> What the task asks: In your copy of the data, include no pictures and alter nothing else.

> Given information:
--- START ---

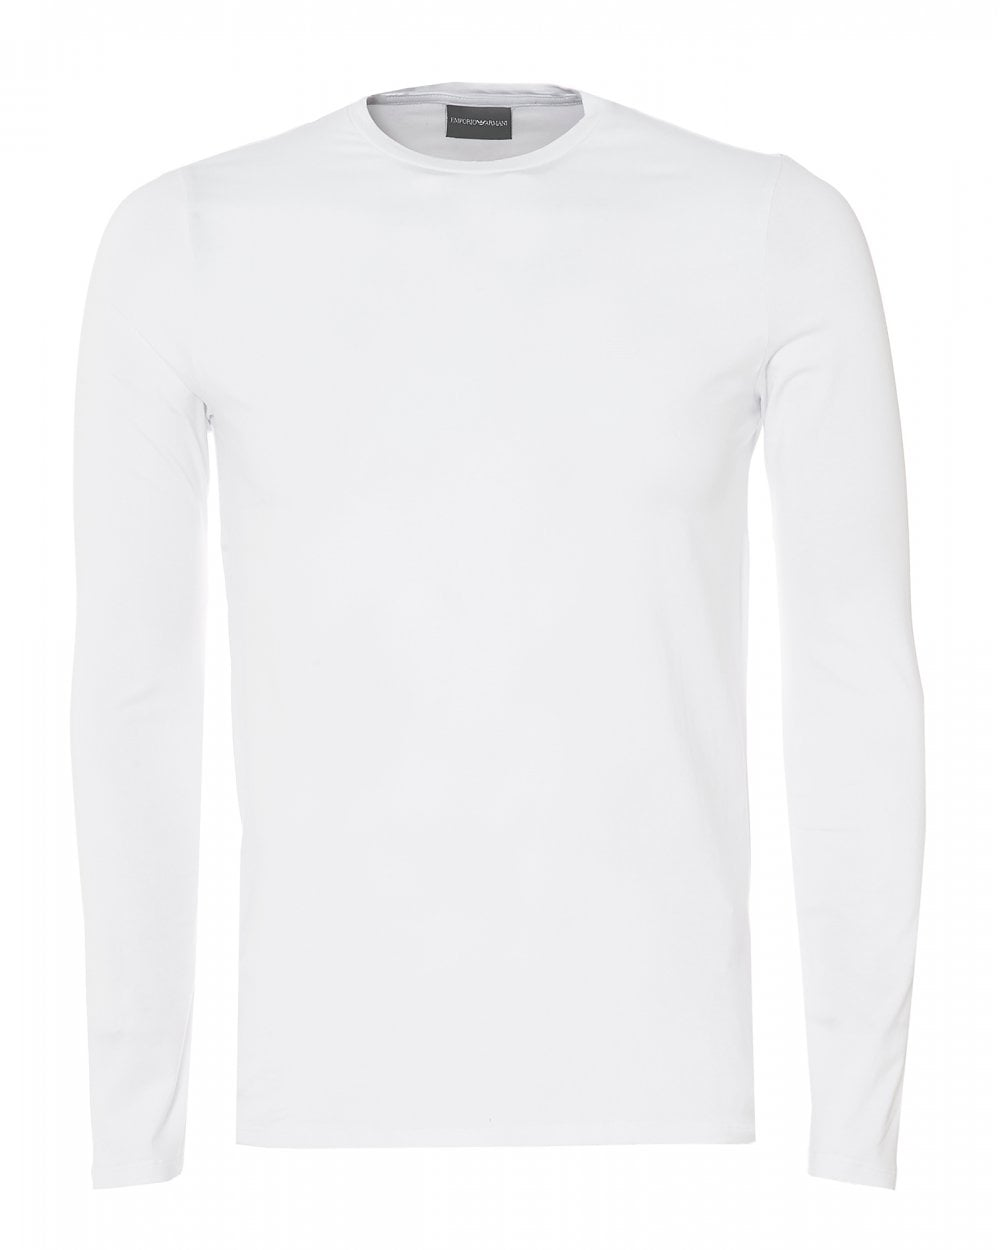 21a08722 Emporio Armani Mens Basic Long Sleeve T-Shirt, White Regular Fit Tee
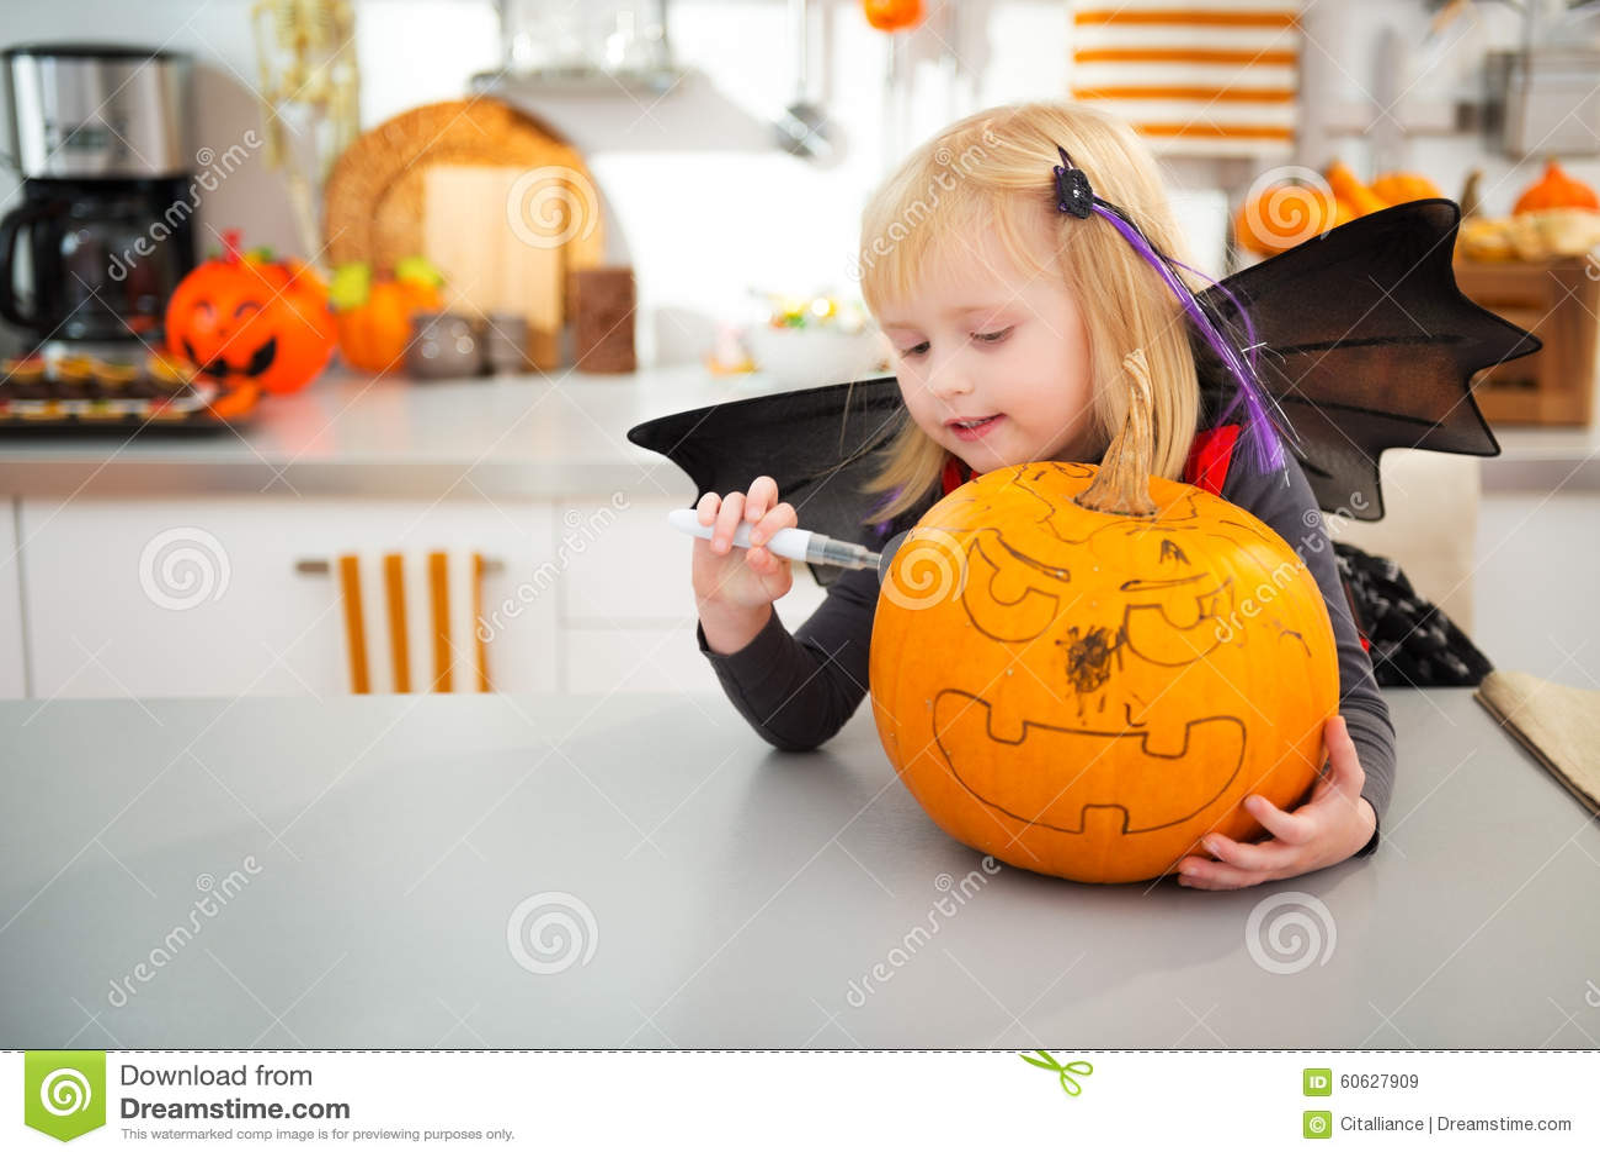 kitchen lanterns island design 万圣夜打扮了创造大南瓜杰克o灯笼的女孩库存图片 图片包括有现代 厨房 微笑的万圣夜打扮了创造大橙色南瓜杰克o灯笼的女孩在装饰的厨房传统秋天假日
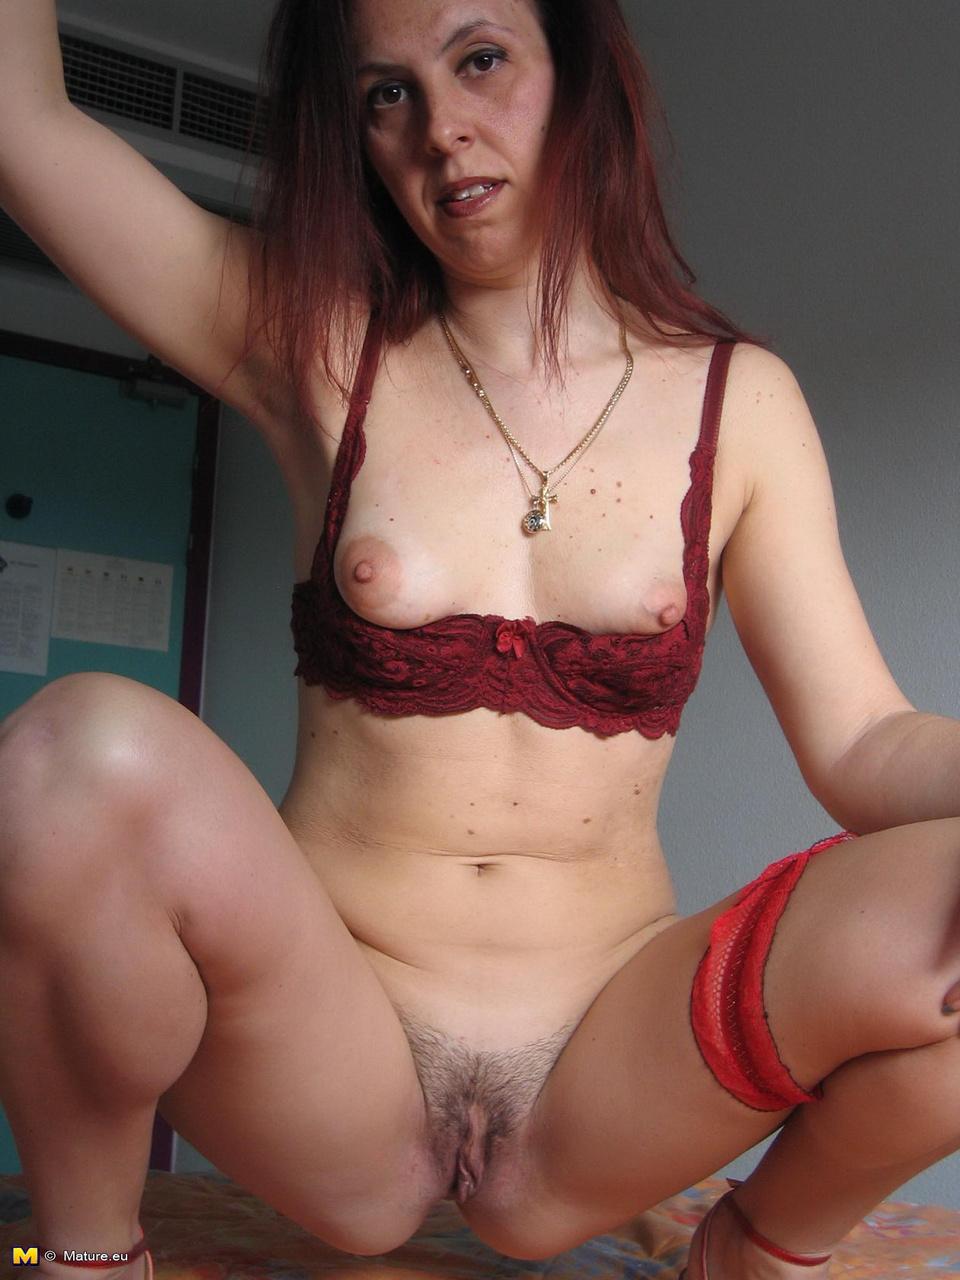 porno-zrelie-lifchik
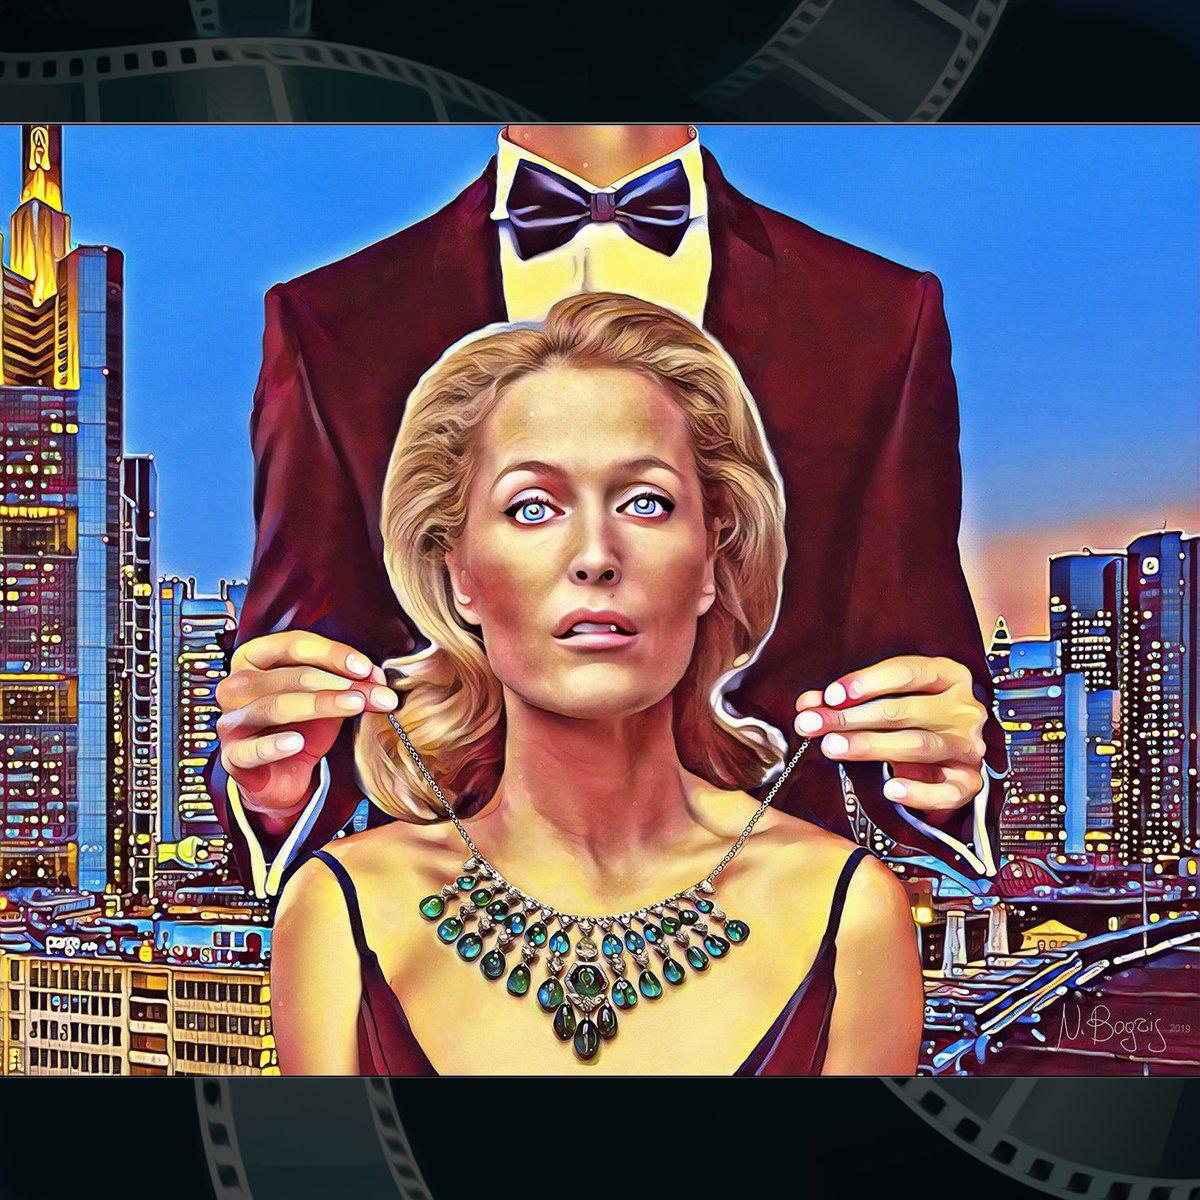 Gillian Anderson (2019)  Portrait, illustration of the wonderful actress. . #Portrait #Illustration #málverk #Lapeinture #ペインティング #maalaus #pittura #tv #gilliananderson   #illustrator #actress #fan #poster #art #artist #Painting #print #Xfiles #그림 #絵 #cinema #portrait

--- END ---

> Output below:
 21a08722 Emporio Armani Mens Basic Long Sleeve T-Shirt, White Regular Fit Tee
 kitchen lanterns island design 万圣夜打扮了创造大南瓜杰克o灯笼的女孩库存图片 图片包括有现代 厨房 微笑的万圣夜打扮了创造大橙色南瓜杰克o灯笼的女孩在装饰的厨房传统秋天假日
 porno-zrelie-lifchik
 Gillian Anderson (2019)  Portrait, illustration of the wonderful actress. . #Portrait #Illustration #málverk #Lapeinture #ペインティング #maalaus #pittura #tv #gilliananderson   #illustrator #actress #fan #poster #art #artist #Painting #print #Xfiles #그림 #絵 #cinema #portrait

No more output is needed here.